## What the task asks
Your task is to repeat all of the data exactly while excluding the pictures.

## Material provided
============================================================

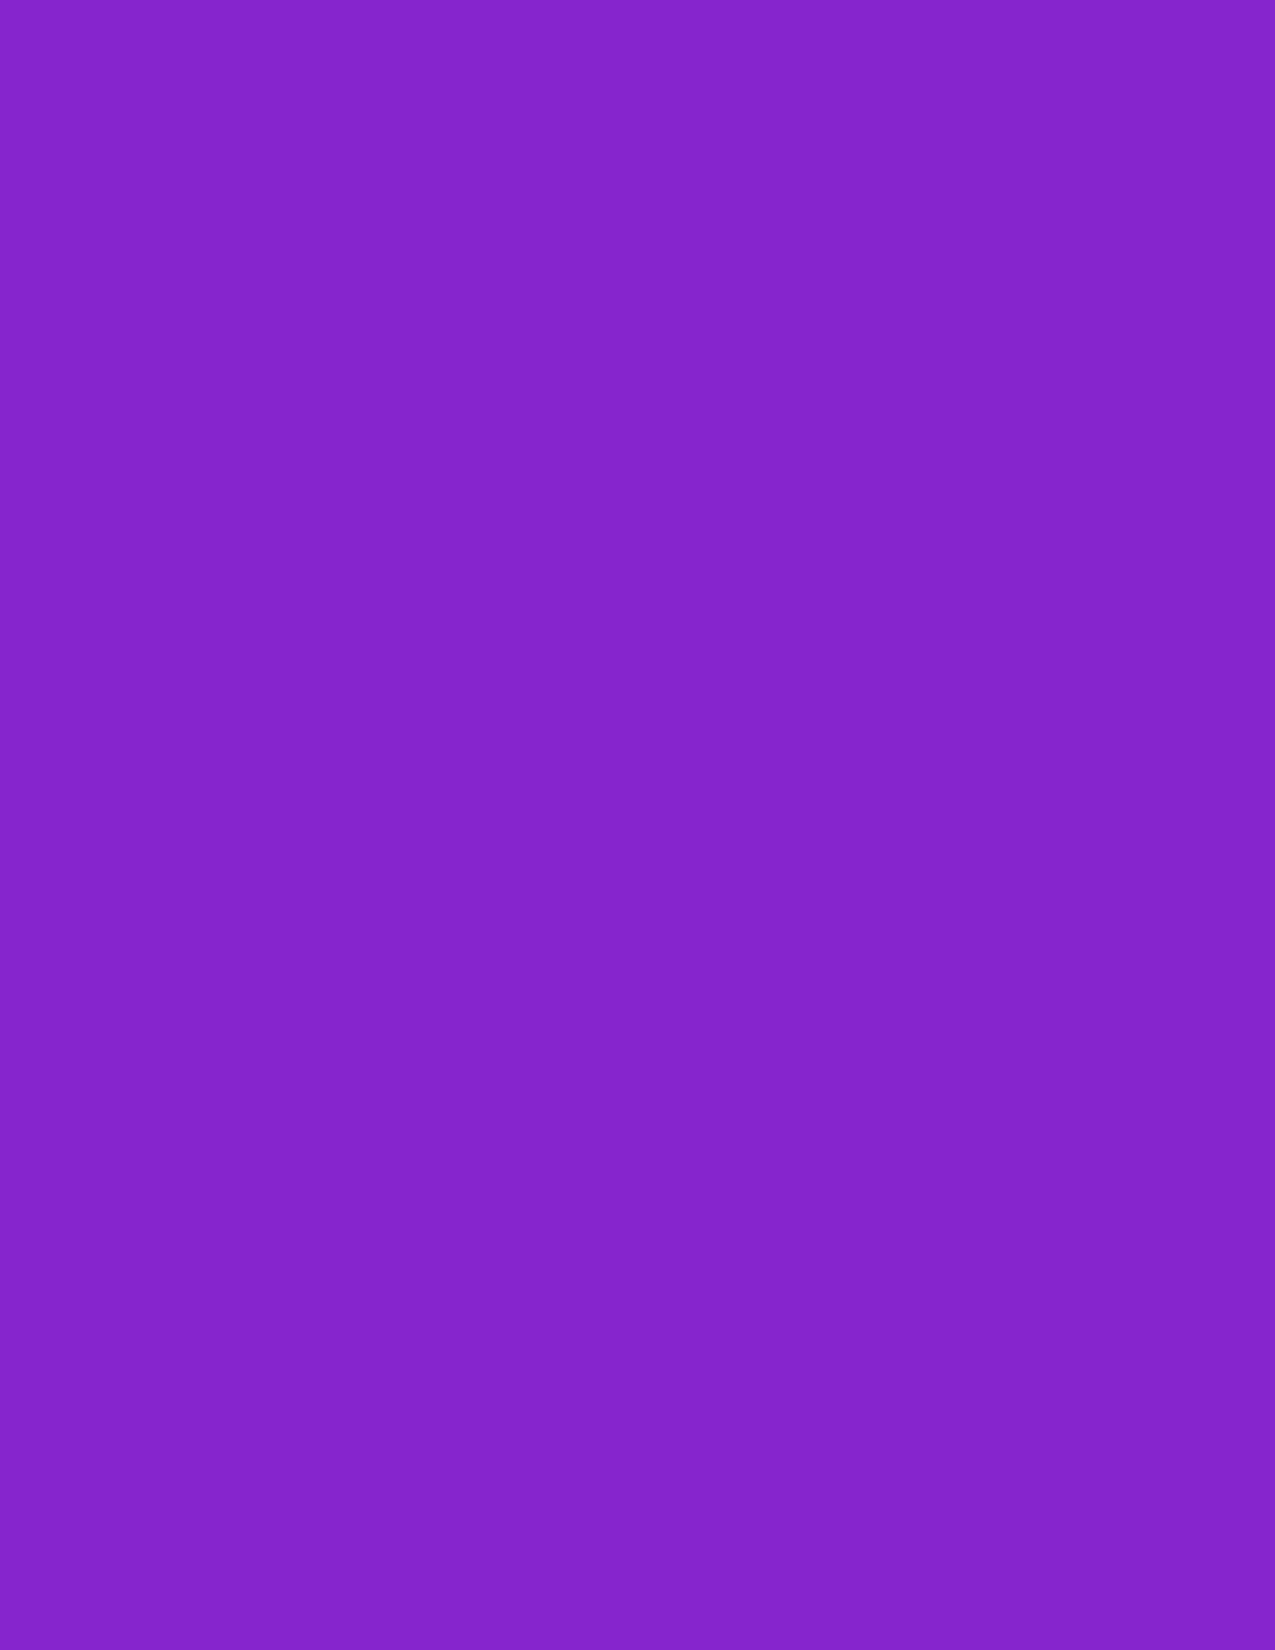 Solids 1343 00000 0236 (3.47 yd)
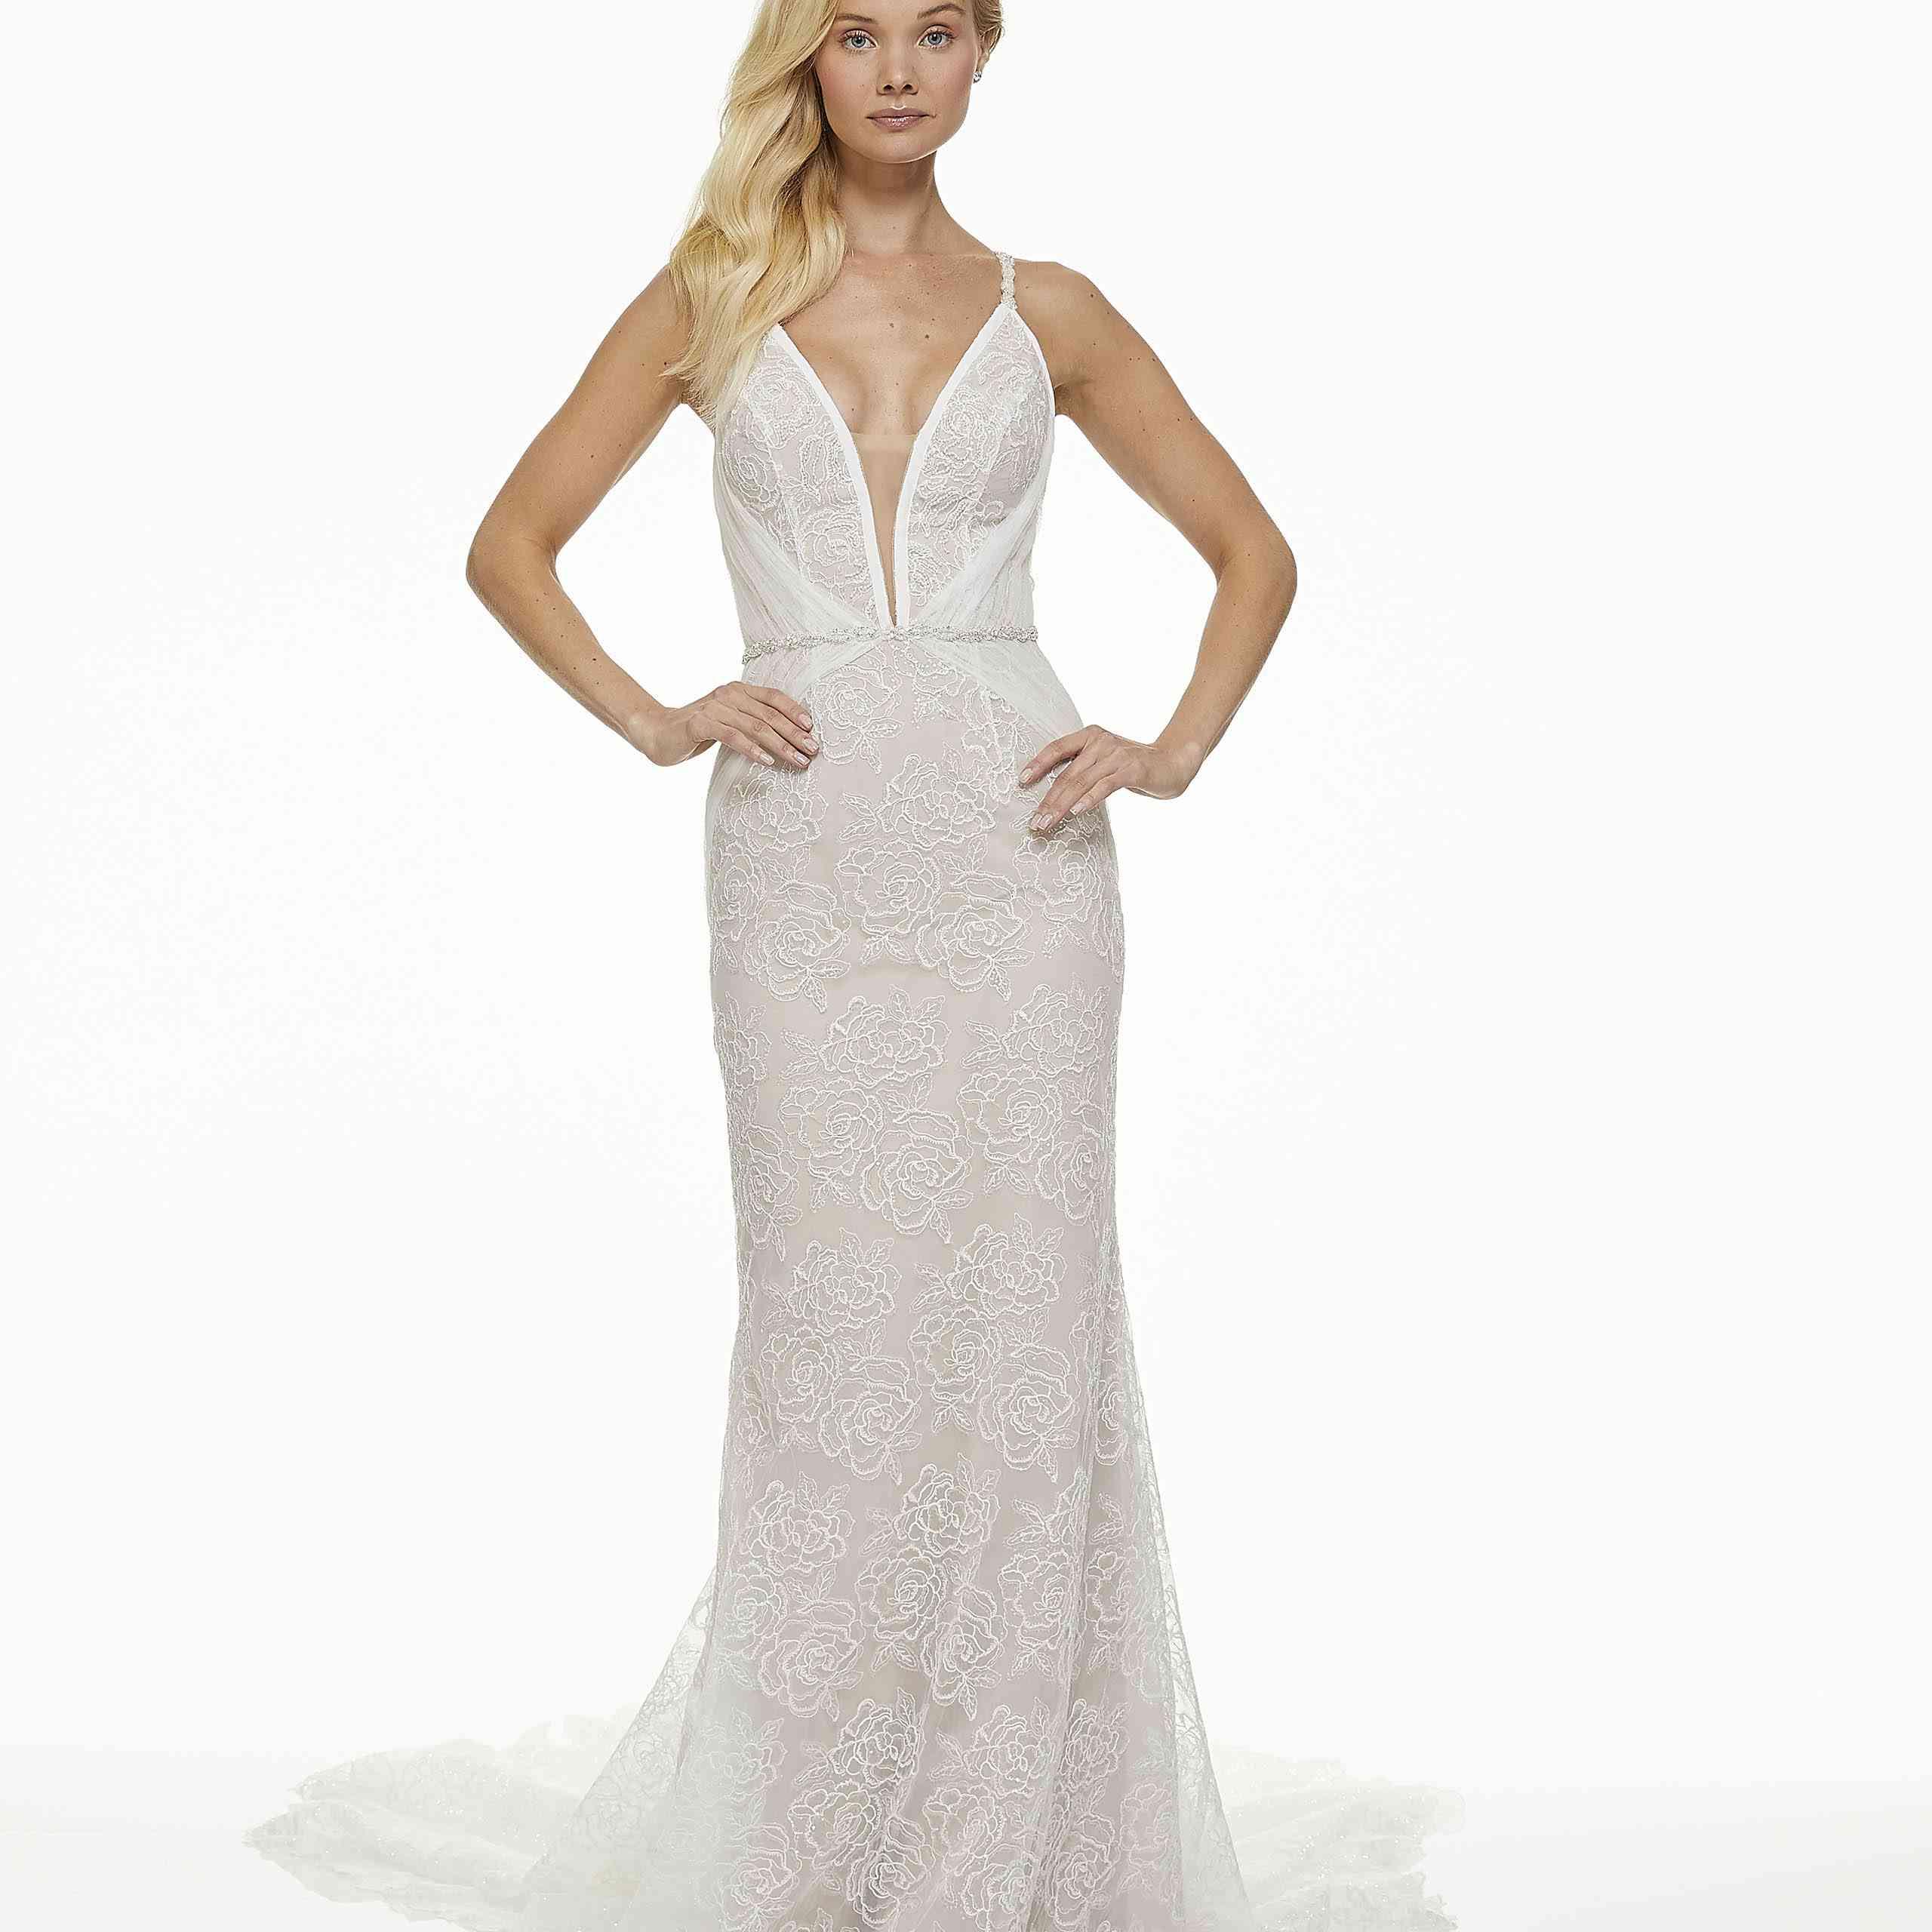 Model in plunging neckline wedding dress
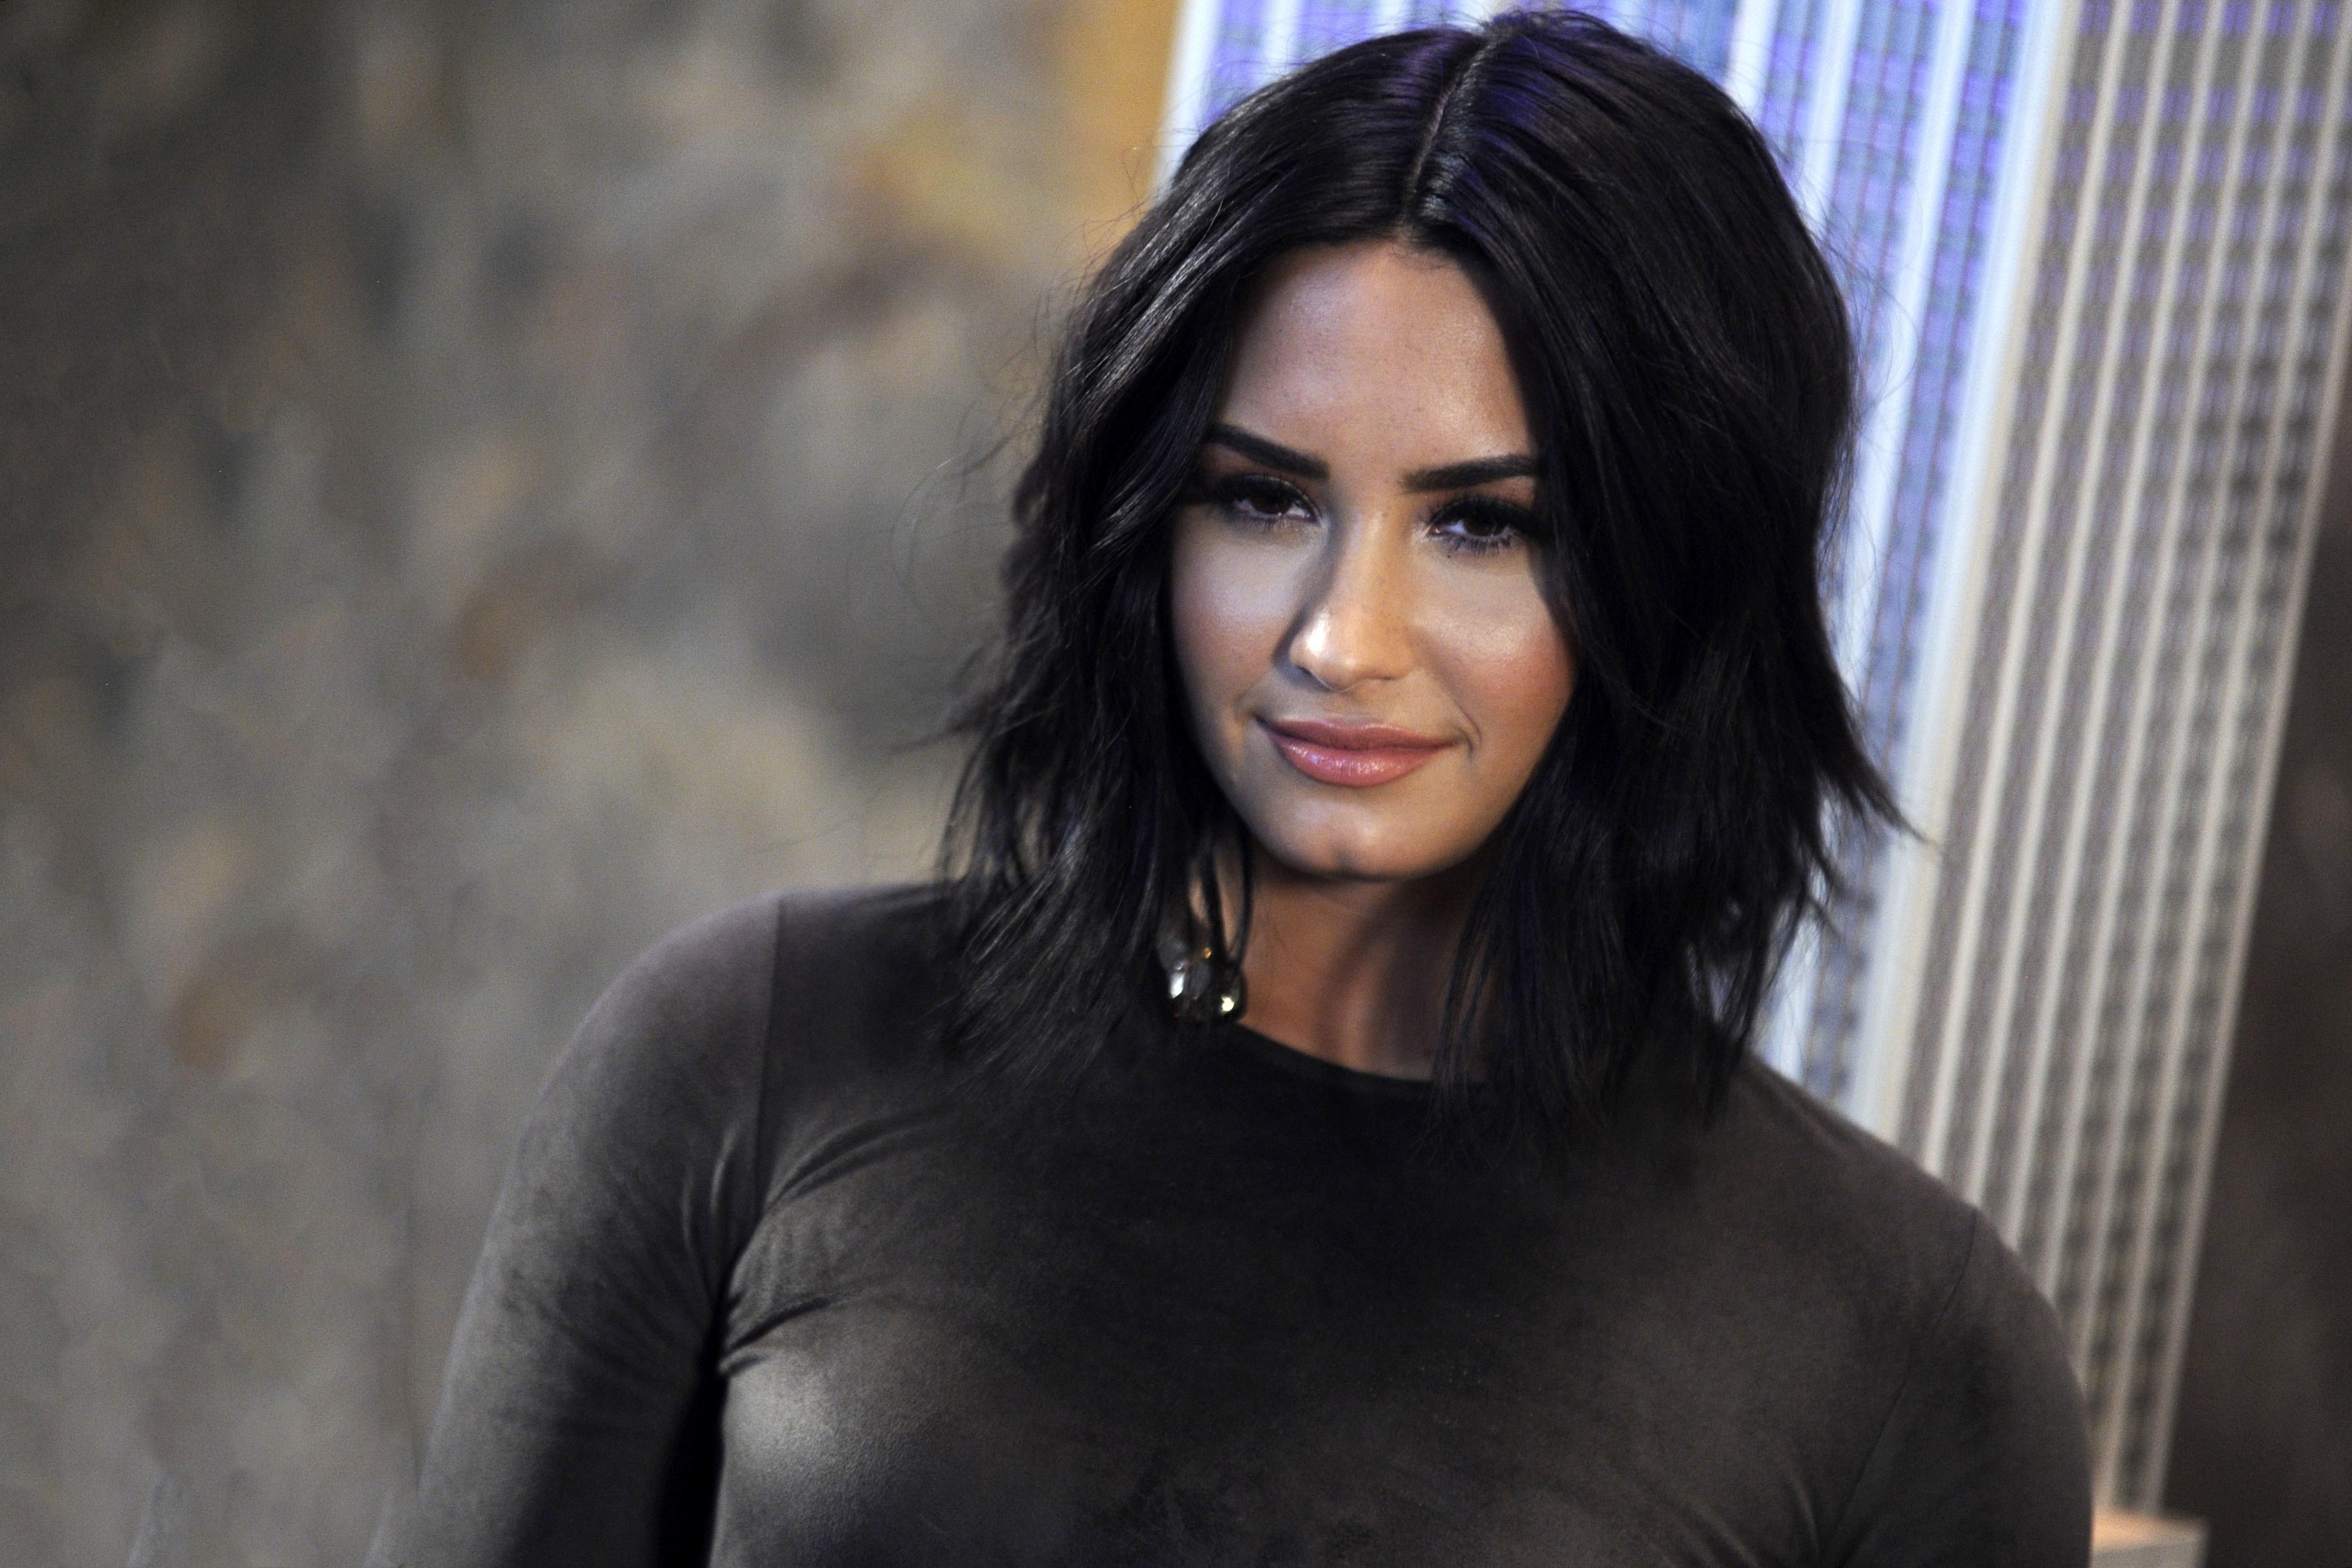 Demi Lovato 4k Hd Celebrities 4k Wallpapers Images

============================================================

## Expected answer
 Solids 1343 00000 0236 (3.47 yd)
 Model in plunging neckline wedding dress
 Demi Lovato 4k Hd Celebrities 4k Wallpapers Images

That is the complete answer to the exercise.